Dupla de José Guilherme Caldas no Barco Brasil, Luiz Bolina também está na disputa da 53ª SIVI Daycoval, mas a bordo do seu veleiro Tutatis, na classe RGS-Cruiser. Com uma tripulação de amigos e familiares, Bolina estreou na Regata Toque-Toque por Boreste, para os barcos da C30, Bra-RGS C, RGS-Cruiser e Clássicos. O vento sul dentro do canal de São Sebastião rondou para nordeste e depois para leste, levando os veleiros a “caçar” a brisa, numa regata mais técnica e estratégica. Os primeiros a chegar foram o Relaxa Building de Tomás Mangabeira na classe C30 e o clássico Chancegger de Fred Paim.

“A regata foi excelente. Não pudemos concluir, mas foi uma opção nossa. Quando chegamos na Ilha de Toque Toque, o vento acabou e ficamos parados lá das seis da tarde até as quatro da madrugada, tentando concluir o contorno da ilha exatamente no canal entre a ilha e o continente. Estávamos com muita correnteza, vento parado, uma condição atípica”, contou o comandante Luiz Bolina. “Estamos com uma tripulação bem legal, a expectativa é boa. Apesar do meu barco ser mais de cruzeiro, para longas travessias, a gente tenta compensar isso com um pouco de experiência, tática, e às vezes acaba beliscando um pódio.”

A 53ª SIVI Daycoval abriu com o tradicional Desfile dos Barcos, com a presença da Fragata Tamandaré F200, mais moderno navio de guerra da Marinha do Brasil. O fator surpresa foi a participação da Esquadrilha da Fumaça, que pelo segundo ano consecutivo executou manobras arrojadas sobre os barcos, transformando a apresentação num grande espetáculo para as milhares de pessoas que ocuparam o píer da vila e arredores.

Logo na sequência, os barcos partiram para as regatas Alcatrazes por Boreste, a mais longa, com 55 milhas náuticas, Toque Toque por Boreste e Renato Frankenthal. A 53ª Semana Internacional de Vela de Ilhabela Daycoval segue até sábado, 1º de agosto. A programação terá regatas para as classes ORC, Bra-RGS, RGS-Cruiser, Clássicos, C30 e HPE25. O evento é organizado pelo Yacht Club de Ilhabela.

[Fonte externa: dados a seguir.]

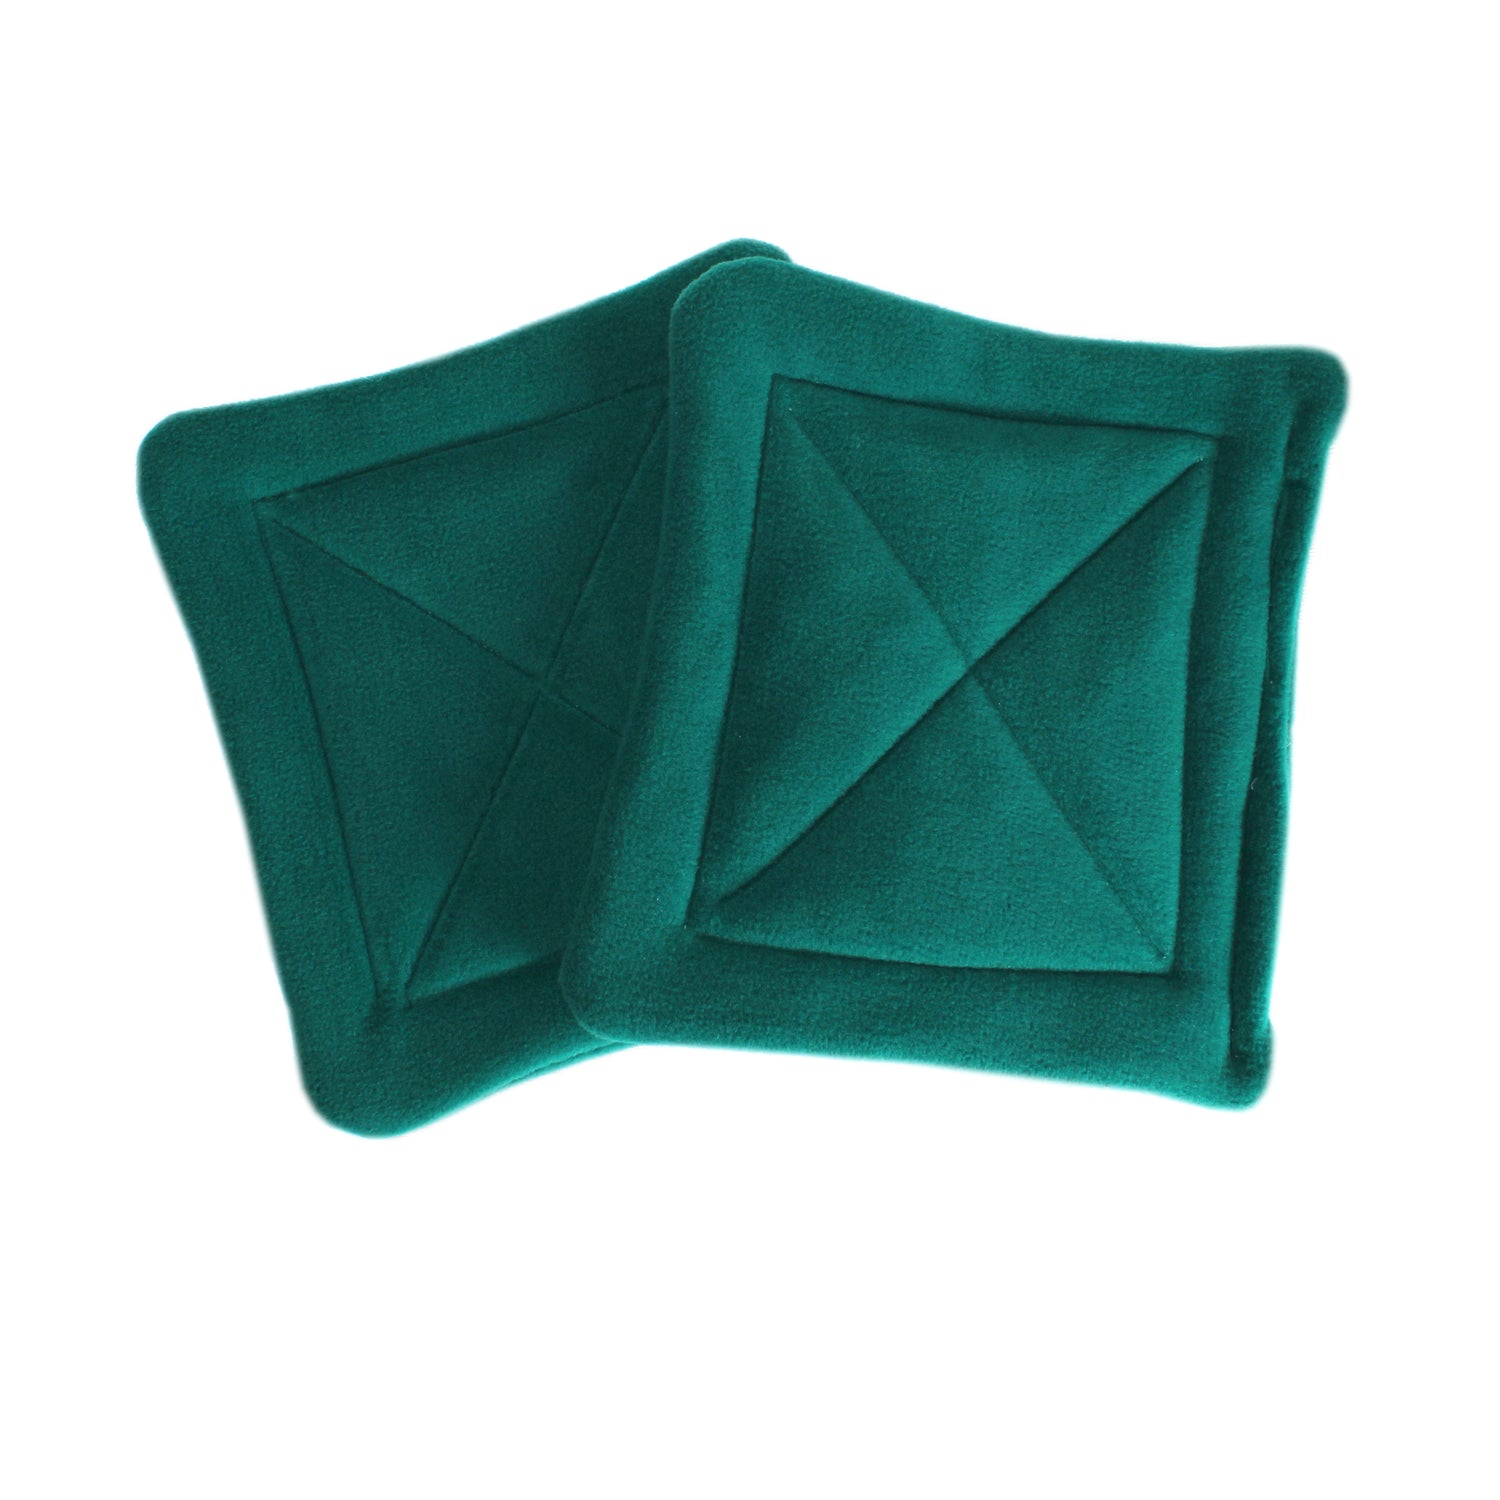 Teal Guinea Pig Pee Pads Made With Anti Pill Fleece And Zorb

Resultados das regatas de abertura da 53ªSIVI Daycoval AQUI

Filme sobre conquista inédita na SIVI

O Barco Brasil entrou para a história da vela oceânica brasileira ao conquistar em abril o tiítulo inédito da Globe 40 na categoria Sharp. A regata de volta ao mundo é considerada o mais duro desafio do esporte em duplas. Equipes de sete países enfrentaram mais de 30 mil milhas náuticas a bordo de barcos de 40 pés, em condições extremas de clima e mar. José Guilherme Caldas, ao lado de Luiz Bolina, foram os únicos na disputa sem patrocínio, sem tripulantes suplentes, numa jornada de oito meses que ultrapassou os limites de uma competição esportiva.

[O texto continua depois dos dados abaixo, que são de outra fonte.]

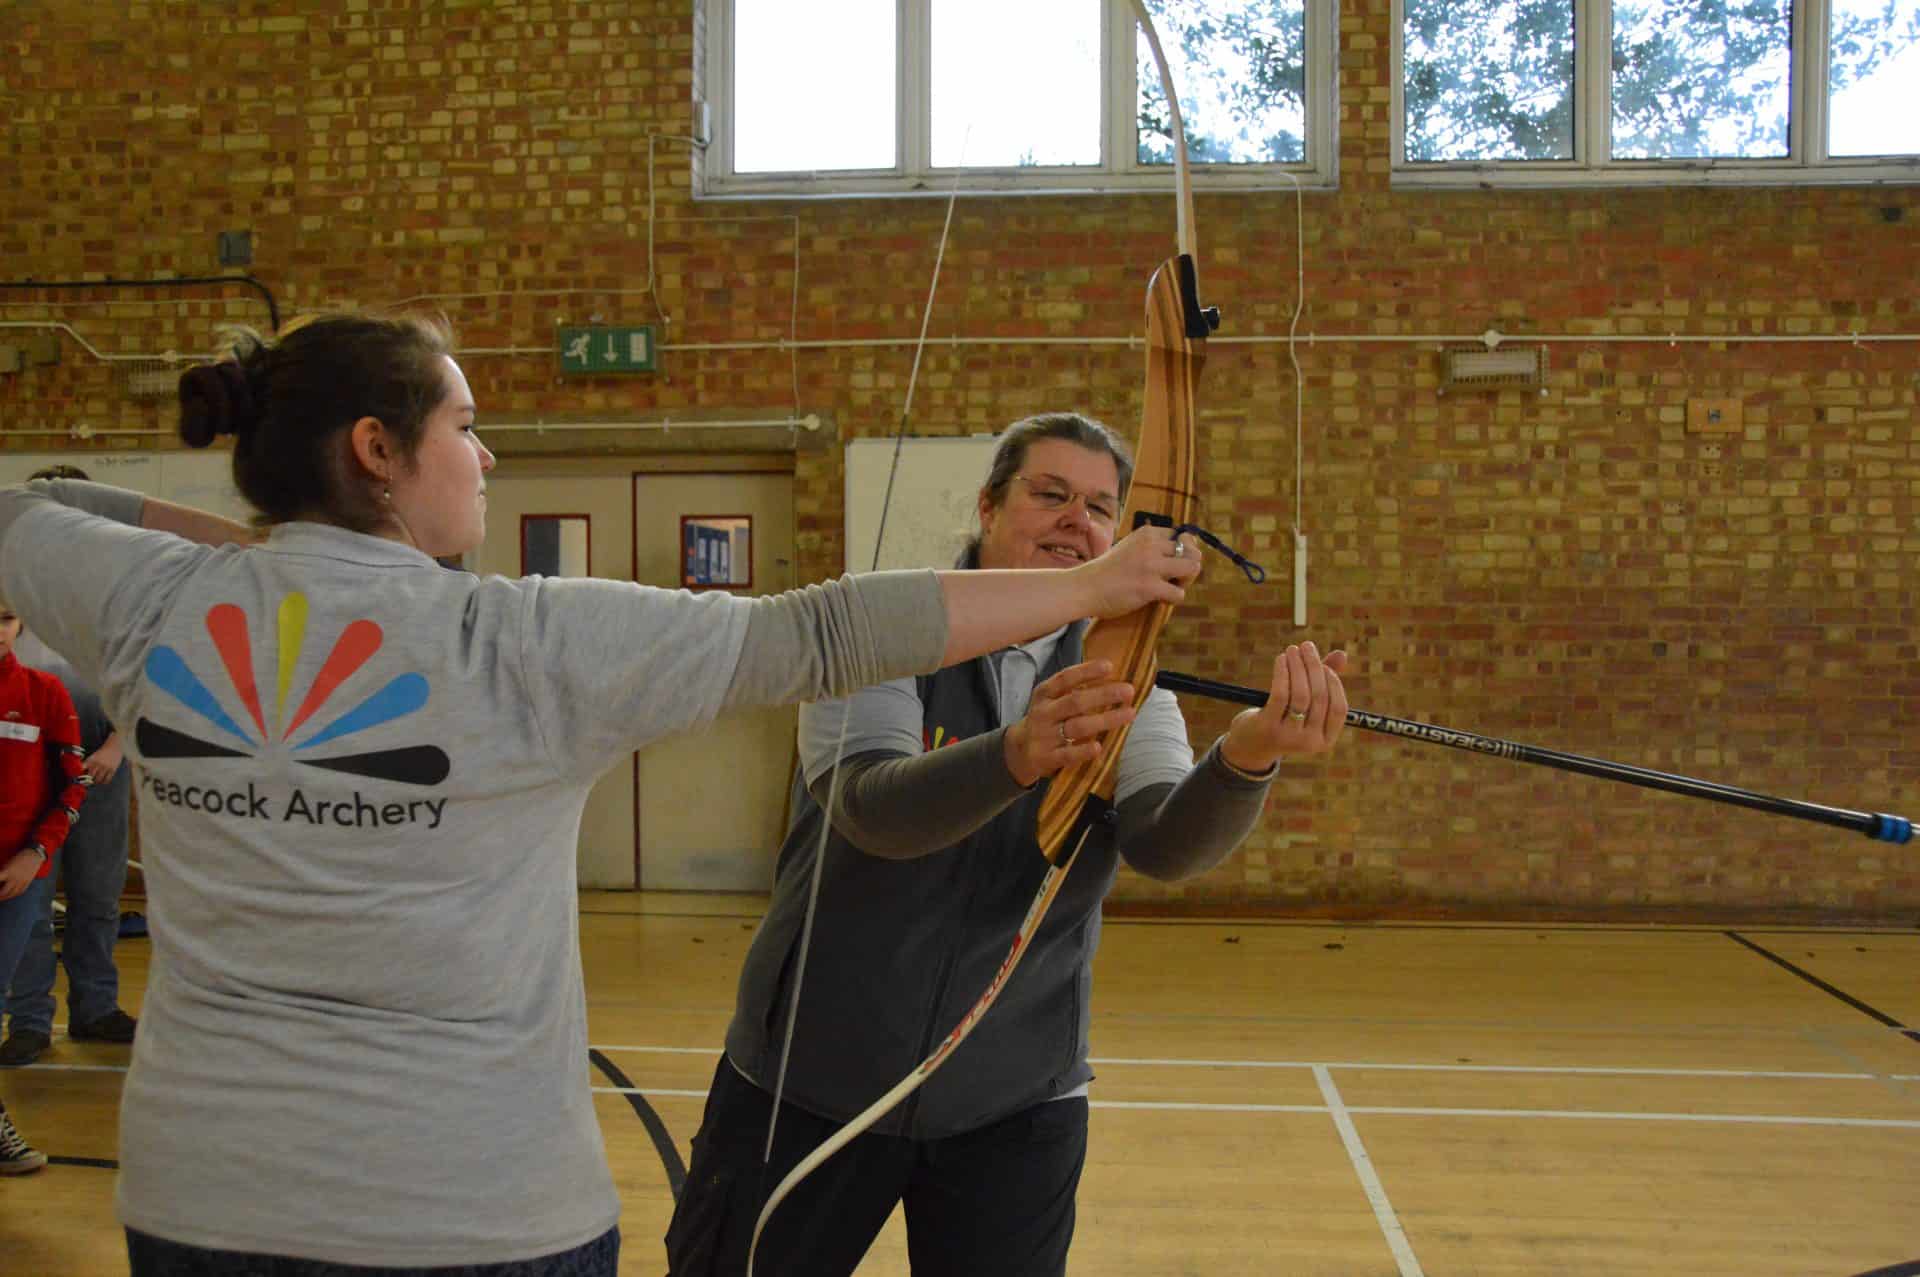 Become an archery coach and help others reach their potential

A conquista foi transformada em documentário, exibido pela primeira vez numa sessão exclusiva para convidados dentro da programação da 53ª SIVI Daycoval, neste domingo (26). “Cada Minuto Conta” reúne imagens captadas ao longo dos oito meses da Globe40, registros feitos pela equipe do projeto e cenas produzidas pela Sealab Filmes, que acompanhou diferentes momentos da campanha do Barco Brasil.

A produção reúne depoimentos gravados em São Paulo, no Hospital Sírio-Libanês, e em Ilhabela, além de entrevistas com os velejadores, familiares, amigos e integrantes da equipe responsável pela operação.

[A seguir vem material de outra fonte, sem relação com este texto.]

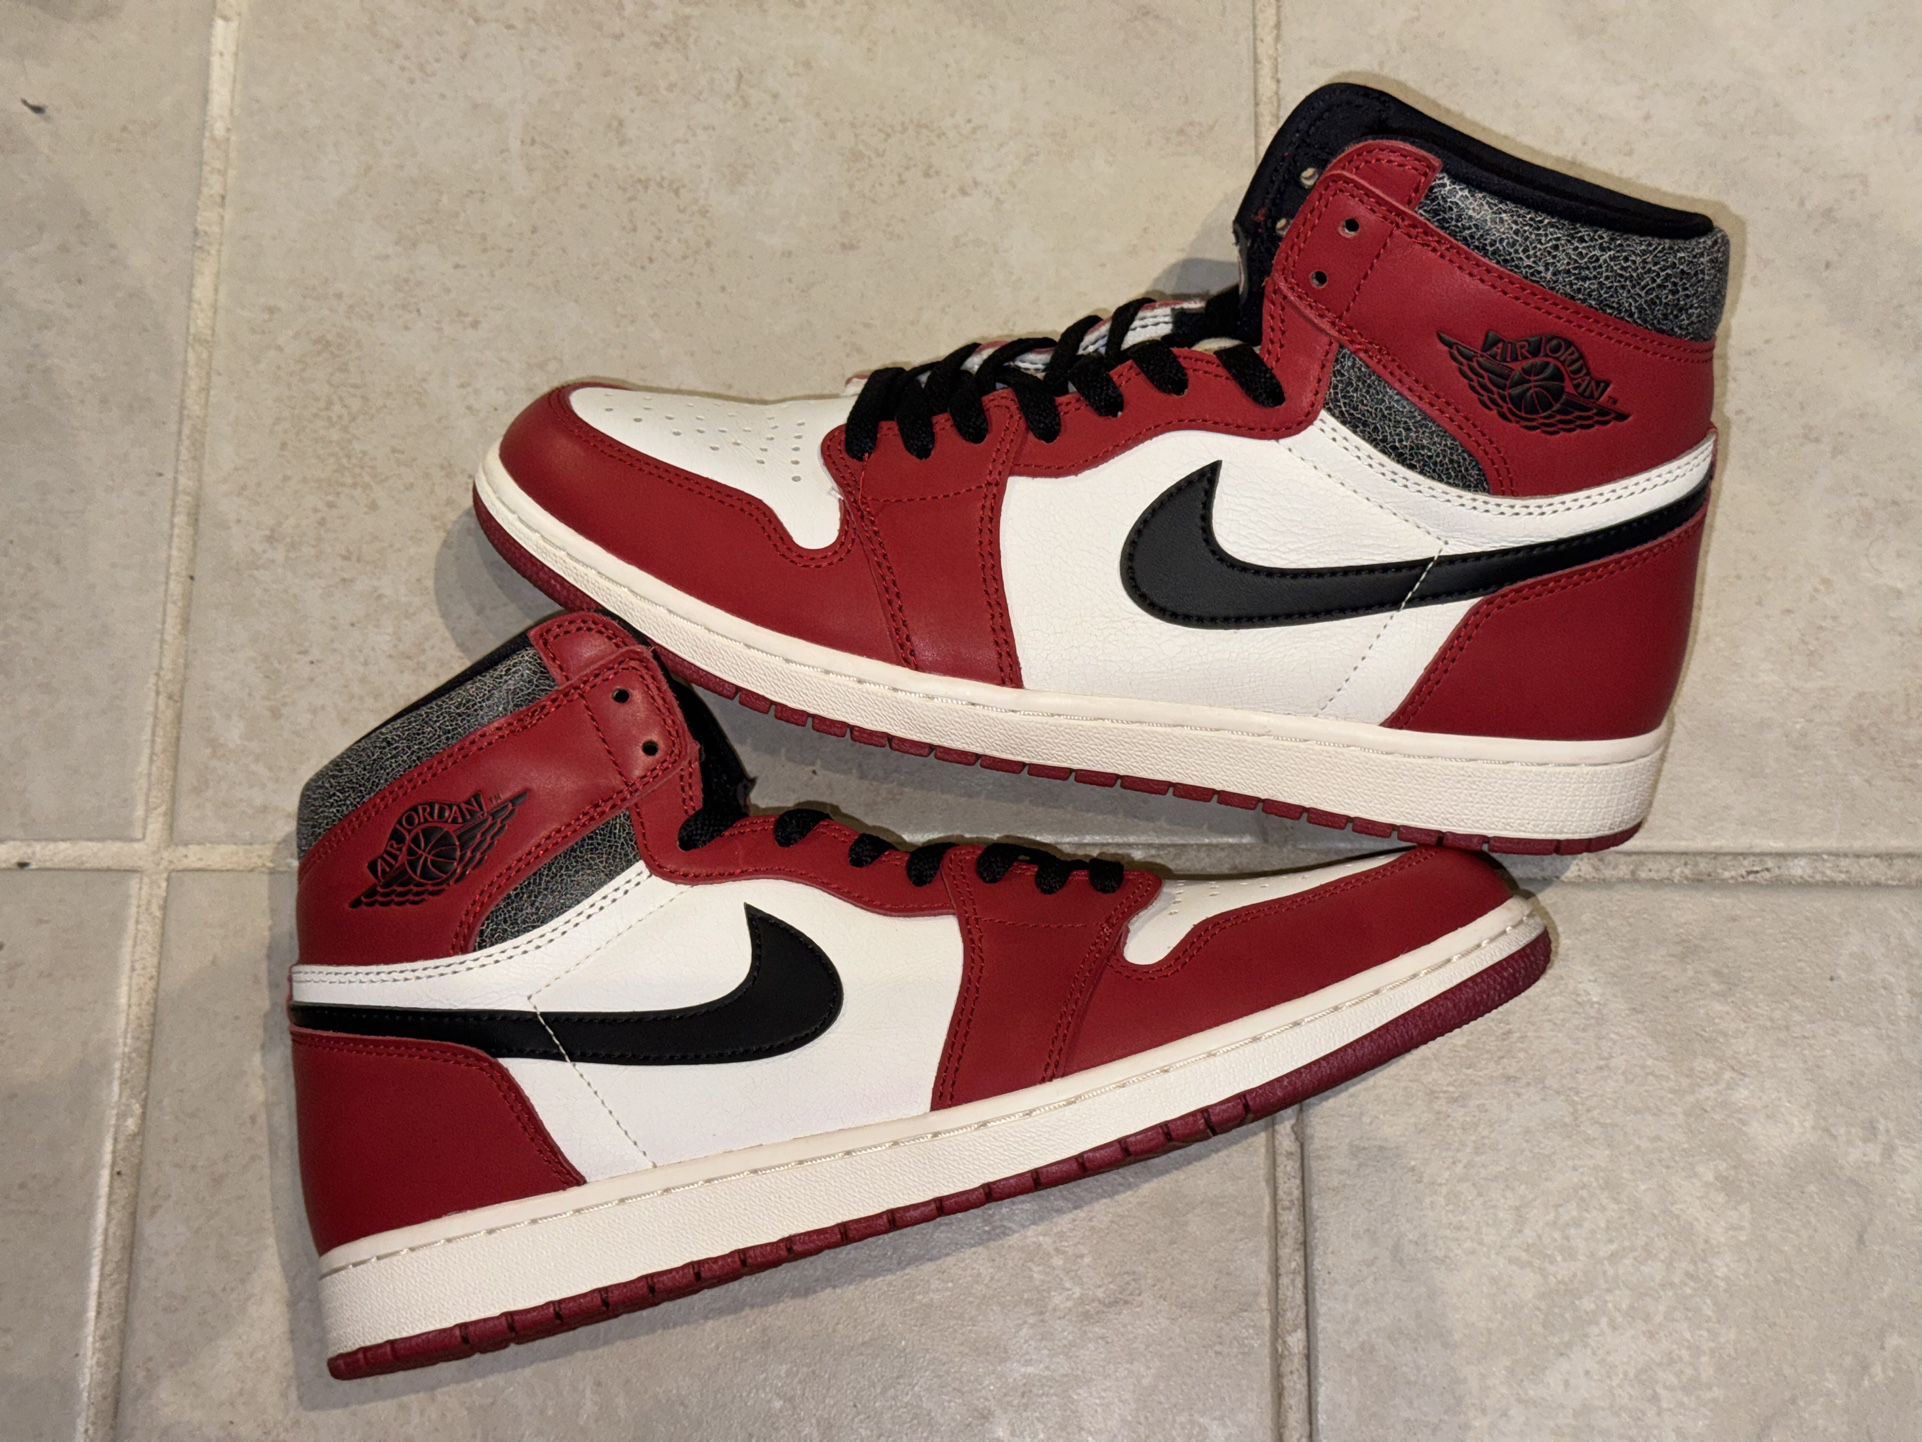 jordan 1 lost and found size 11.5

A narrativa percorre os desafios de uma volta ao mundo em dupla: a preparação, a estratégia, a logística, a tomada de decisões e a capacidade de superar limites quando existe um propósito maior.

A travessia começou em setembro de 2025, em Lorient, na França, e passou por Cádiz (Espanha), Mindelo (Cabo Verde), Ilha da Reunião (território francês no Oceano Índico), Sydney (Austrália), Valparaíso (Chile) e Recife (Brasil).

Cidade da Vela: tradição e futuro em um mesmo horizonte

O documentário integra as iniciativas da Cidade da Vela, projeto idealizado por Carlos Eduardo de Campos Maia com a proposta de valorizar a cultura náutica brasileira e fortalecer Ilhabela como referência internacional da vela.

A iniciativa conecta esporte, turismo, marcas, história e economia do mar, preservando memórias de grandes velejadores e construindo novos capítulos para o futuro da modalidade.